Q. A natural number N is such that it can be expressed as N = p + q + r, where p, q and r are distinct factors of N. How many numbers below 50 have this property?

Explanation : 

Step 1: Restate the problem

We seek natural numbers N for which there exist three distinct divisors p, q, r of N satisfying

p + q + r = N.

Step 2: Change to reciprocal form

If p divides N, write p = N/a for some integer a≥1. Similarly q=N/b and r=N/c, with 1≤a<b<c.
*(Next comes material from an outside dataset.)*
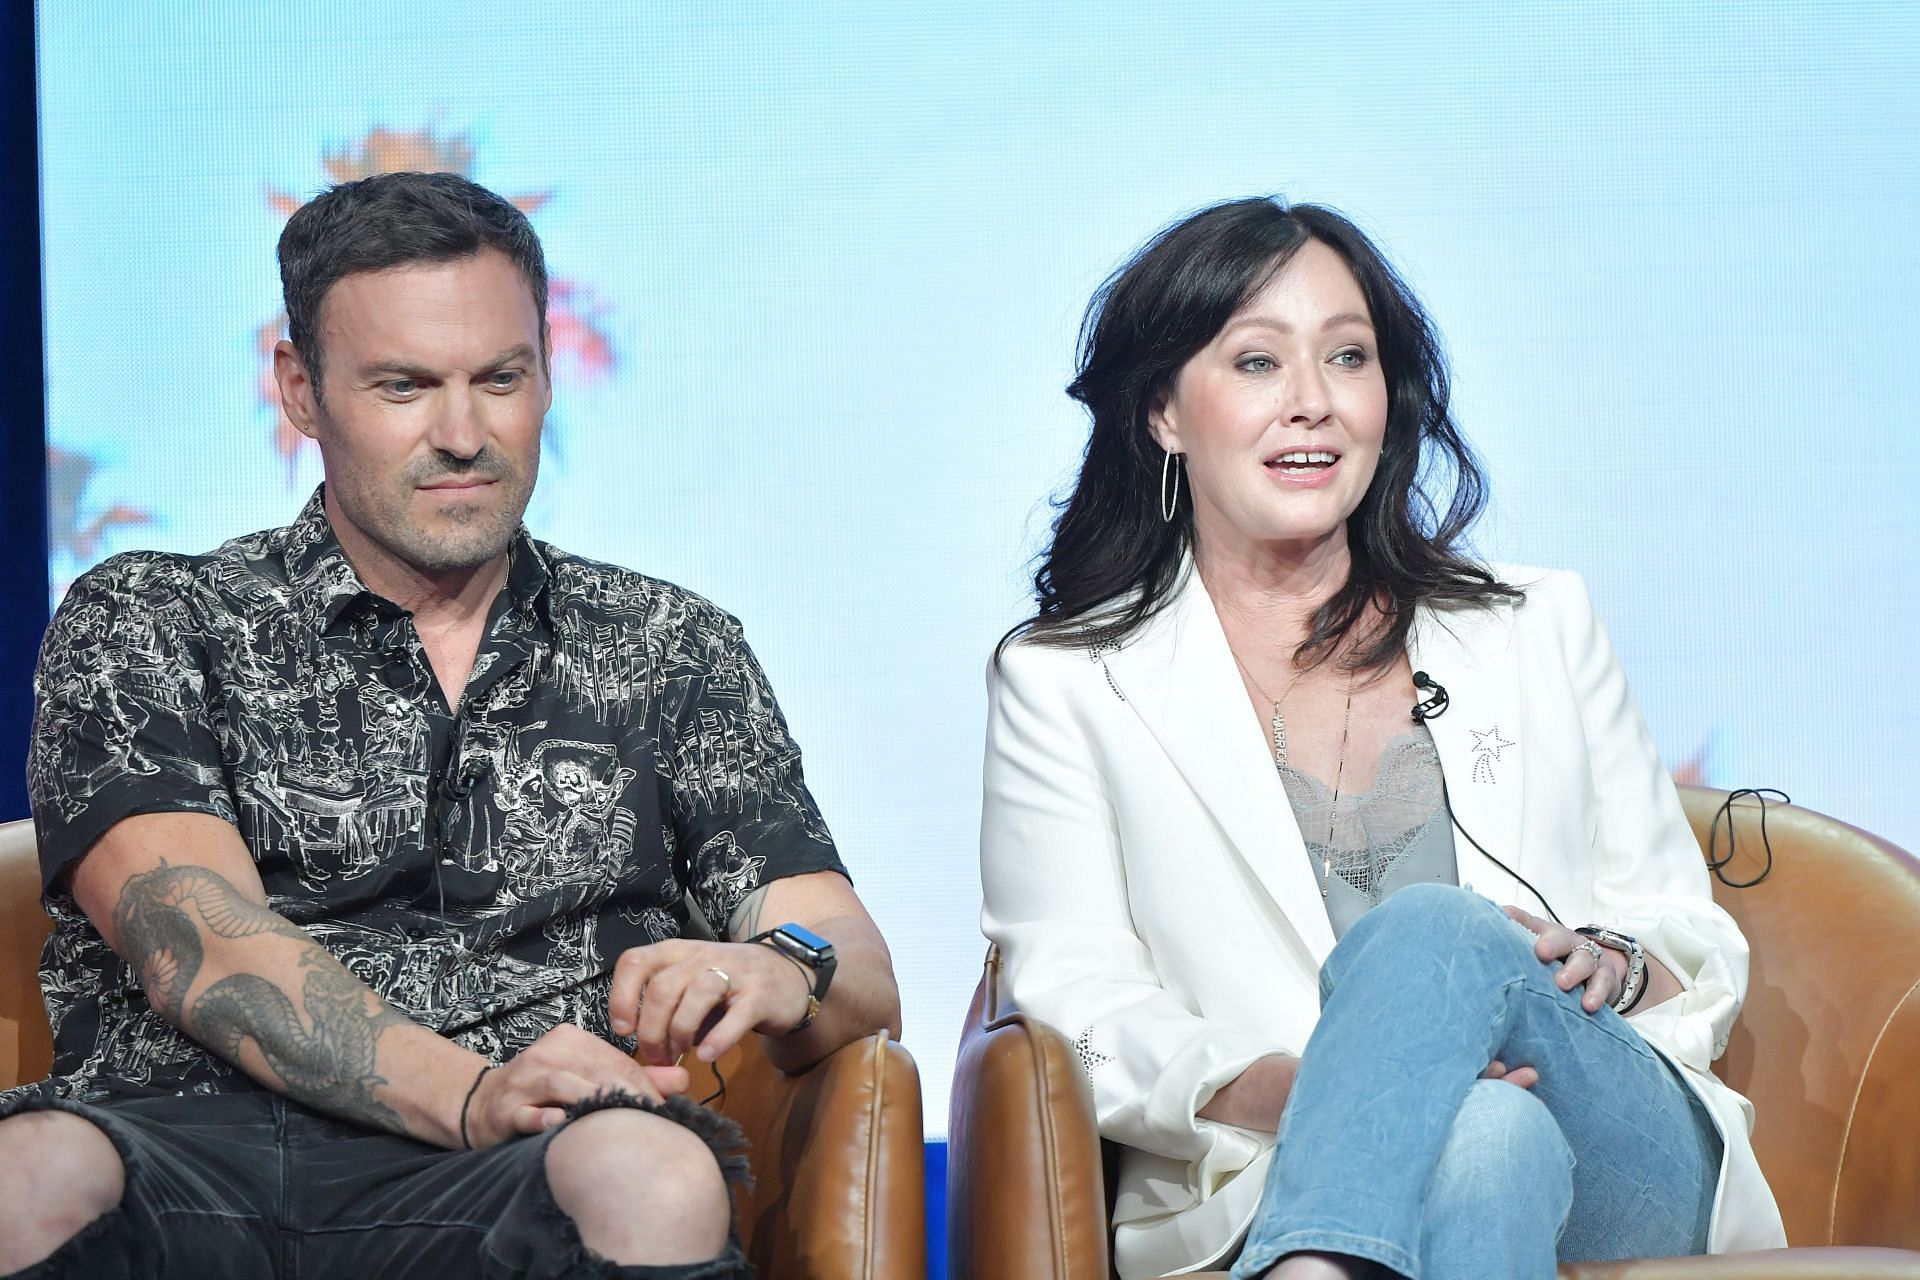 Brian Austin Green and Shannen Doherty for 90210 (Image via Amy Sussman/Getty Images)

Then

p+q+r = N becomes

N·(1/a + 1/b + 1/c) = N

⇒ 1/a + 1/b + 1/c = 1.

Step 3: Solve 1/a + 1/b + 1/c = 1 in distinct positive integers

By testing small denominators (or using known Egyptian‐fraction results), the only solution with a<b<c is

a=2, b=3, c=6

because 1/2 + 1/3 + 1/6 = 1.

Step 4: Translate back to p, q, r

From (a,b,c)=(2,3,6) we get

p = N/2, q = N/3, r = N/6.

These are three distinct divisors of N exactly when 6 divides N, and they indeed satisfy p+q+r=N.

Step 5: Count all such N < 50

The positive multiples of 6 below 50 are

6, 12, 18, 24, 30, 36, 42, 48 — a total of 8 numbers.

Therefore, the answer is (c) 8.